Decide early if you want to work a lot for a little or a little for a lot. 
Don't be afraid to hire someone if you get enough work. They will make you money. 
Pay yourself a wage and the company a profit. 
Get the work first, then upgrade equipment.
Schedule a little wiggle room for the unexpected. 
Charge a minimum for everything that you do. You don't want to travel 10 miles to put up 3 acres for little to no money. You will go broke. They might not want to pay the minimum, but you and your equipment don't need the practice. 
If you offer quality service at a fair price, the work will be there. 
Don't offer credit. Cash in hand at the completion of the work, or at least a good check. 
Listen to your gut. Physically look at every job before you take it. Walk the feild. Trust me when I say that it is cheap insurance. 
There will be more I am sure, but that is what came to mind.
Edit. You said we. ... that means someone else is helping you or owns the equipment. Definitely incorporate the business. If you don't you put all assets at risk in the event that something bad happens. 
50/50 and 60/40 are common, here, on shares. That is 60 for you, 40 for them. 
Remember that you are creating work, and expense, for yourself doing shares. You will have to pay someone to transport it, even if that someone is you. You will have fuel and overhead for that transportation. You will have to pay someone to market and sell it, even if it is you. Someone had to be available to load it. You will have to deal with more people to sell it.


----------



## 506 (Mar 22, 2016)

Caleb - A number of states across the country collect custom ag rate info and publish the numbers on an annual or bi -annual frequency. Search for "Custom Ag Surveys" or "Custom Ag Rates". The info will give you an idea what others in your region are *reporting*. I can tell you that I followed the rate for custom square baling in my region and got no push back. However, I got a lot of push back when I tried to apply the reported rate for custom shredding. I was too high. The point being, the info will at least give you a starting point. Also, go on line and search for tools to calculate your operating expenses. The ones I use allow me to input the costs of my equipment, the acreage I plan to work on an annual basis, fuel, etc.... They then turn out a cost per acre number that I can use to help assess billable rates. Knowing your costs and what you might be able to charge will help you chart your course. Finally, SAVE, PRINT, and COMMIT TO MEMORY what Lostin55 posted. He's spot on in the advice he's giving you.


----------



## r82230 (Mar 1, 2016)

Lost and 506, have given you some of the best advice IMHO. The only things that comes to my mind, is I have had two people stop and ask if I would do some custom work in the last month. I told them sorry I respectfully decline, I wouldn't have the time to do a fair and DEPENDABLE job for them.

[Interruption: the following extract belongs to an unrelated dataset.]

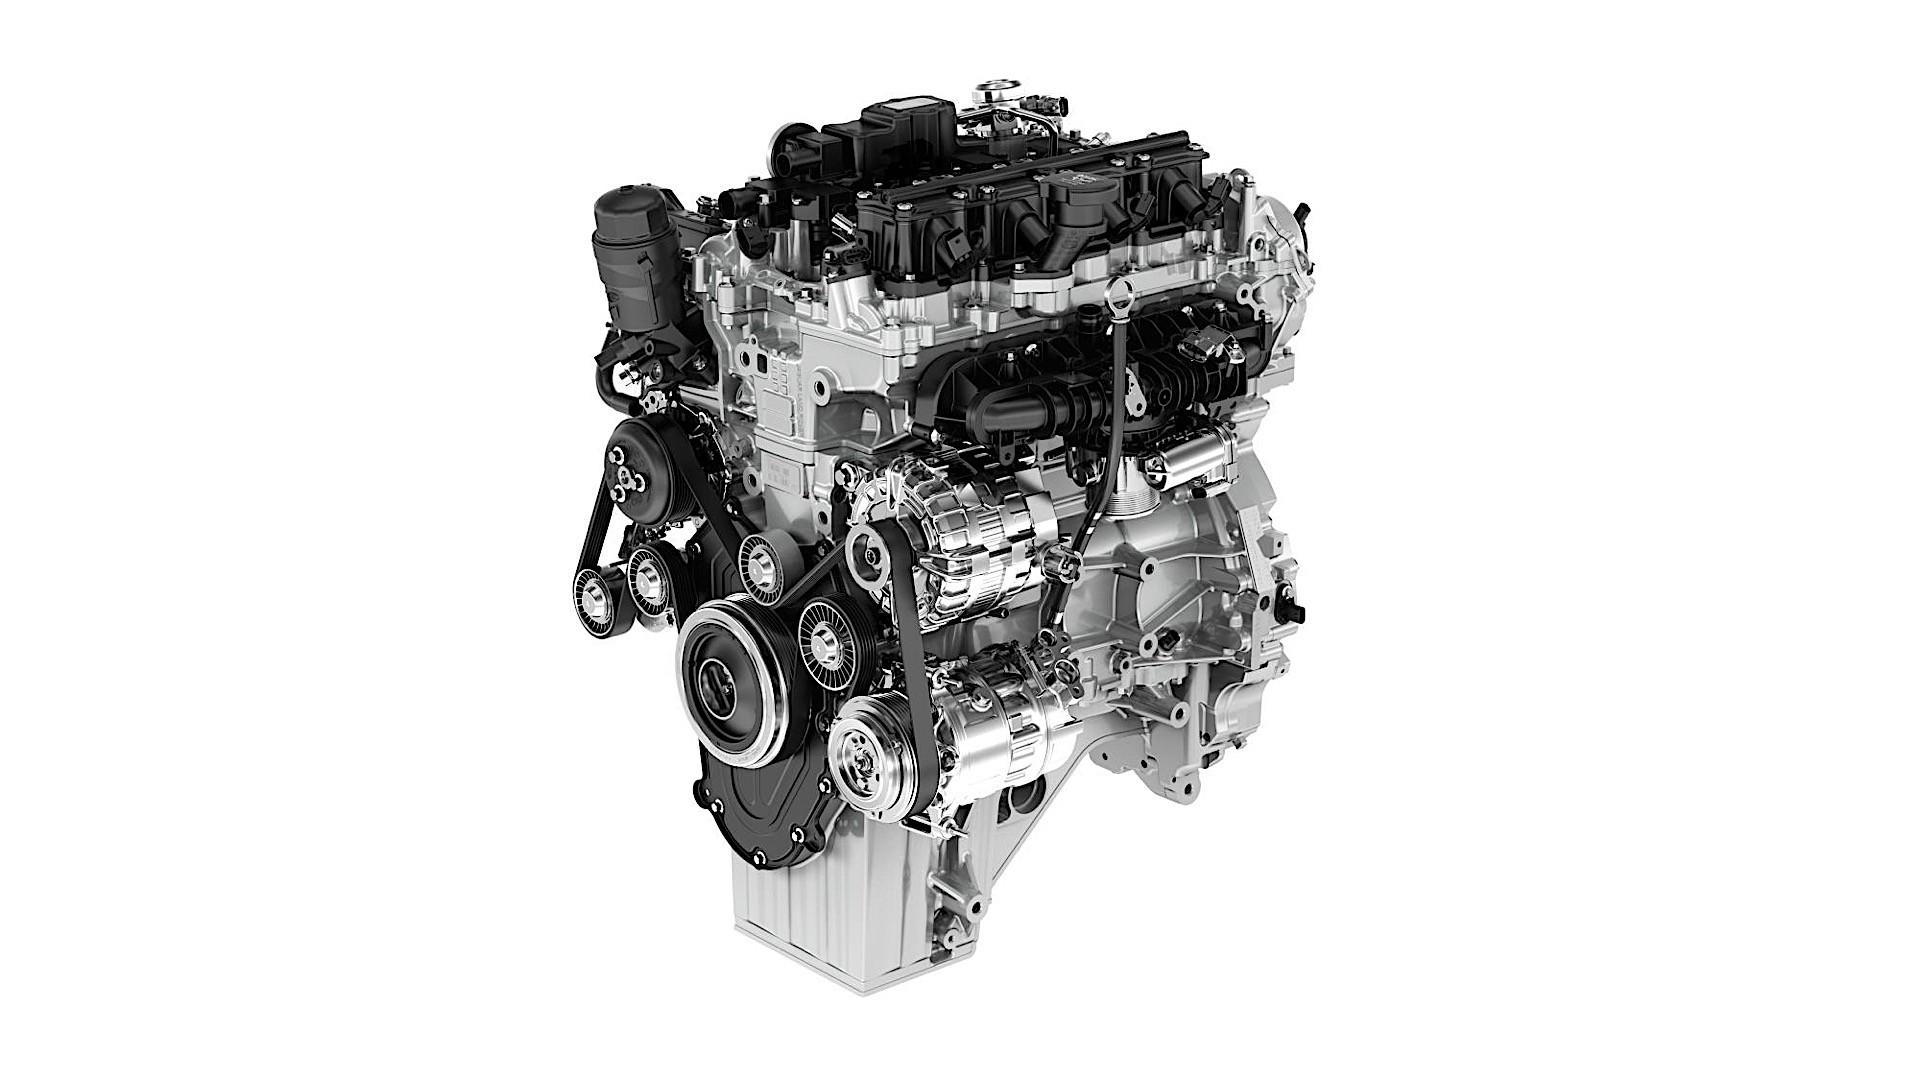 turbo wallpaper jaguar ghij pace f engines

With both people their problem was their current custom operator was not dependable as they would like. I defended the current operators, saying even I have breakdowns and hay gets rained on. Their answer was the operator did not keep them in the loop pre se. To me it sounded like a lack of commiication.

My two cents is, be dependable and communicate quickly / well.

Larry


----------



## Lostin55 (Sep 21, 2013)

Thanks for the kind words guys. I have thought of a few more things. 
Continue your education, not necessarily in the classroom. Learn how to fix all but the largest repairs. Shop rates will kill your profit. Learn which corporate entity will serve you best. LLC, S corp, C Corp. LP. Just a hint, S corp should be the best choice for custom haying. LLC 's are usually better for real estate. Learn about the Corporate veil and how to prevent it from being pierced. 
Invest in a program to track expenses and profit by job or customer. It is sometimes surprising to look at the year end reports. We use Quickbooks.
As it regards dependability, if you can have back up equipment in case of a major breakdown, so much the better. It doesn't have to be new or even shiny as long as it functions properly. Older equipment in good condition will make you more money than new stuff will. There is a limit to how old of equipment though. It needs to be productive. 
Another point on dependability. Consider whether or not you want to be a one man show. If you choose to be a one man show and something goes wrong and you get behind, you will be behind all season. It is very difficult to get caught up by yourself. It can be easier if you have employees to help. Notice that I said easier, not easy. It is relative. 
This one I would have struggled with at your age. If it comes down to going to a dance with a pretty girl, or putting up the hay that is ready, the hay wins. Congratulations, you just got married to a crop.


----------



## CircleM98 (Jan 2, 2017)

Thanks for all the advice! I've got about 150 acres total right now, about 40 acres in shares, 20 the guys is buying it all, and the rest is either our land or places where I keep everything off of it. I've got a nice JD 467 with about 7500 bales and have been looking at mowers, particularly the 630/730 series JD moco's. What would be some kind of agreement I could draw up quick to protect me (or them) legally if something happens on the property? Thanks for all the input!


----------



## r82230 (Mar 1, 2016)

CircleM98 said:


> What would be some kind of agreement I could draw up quick to protect me (or them) legally if something happens on the property? Thanks for all the input!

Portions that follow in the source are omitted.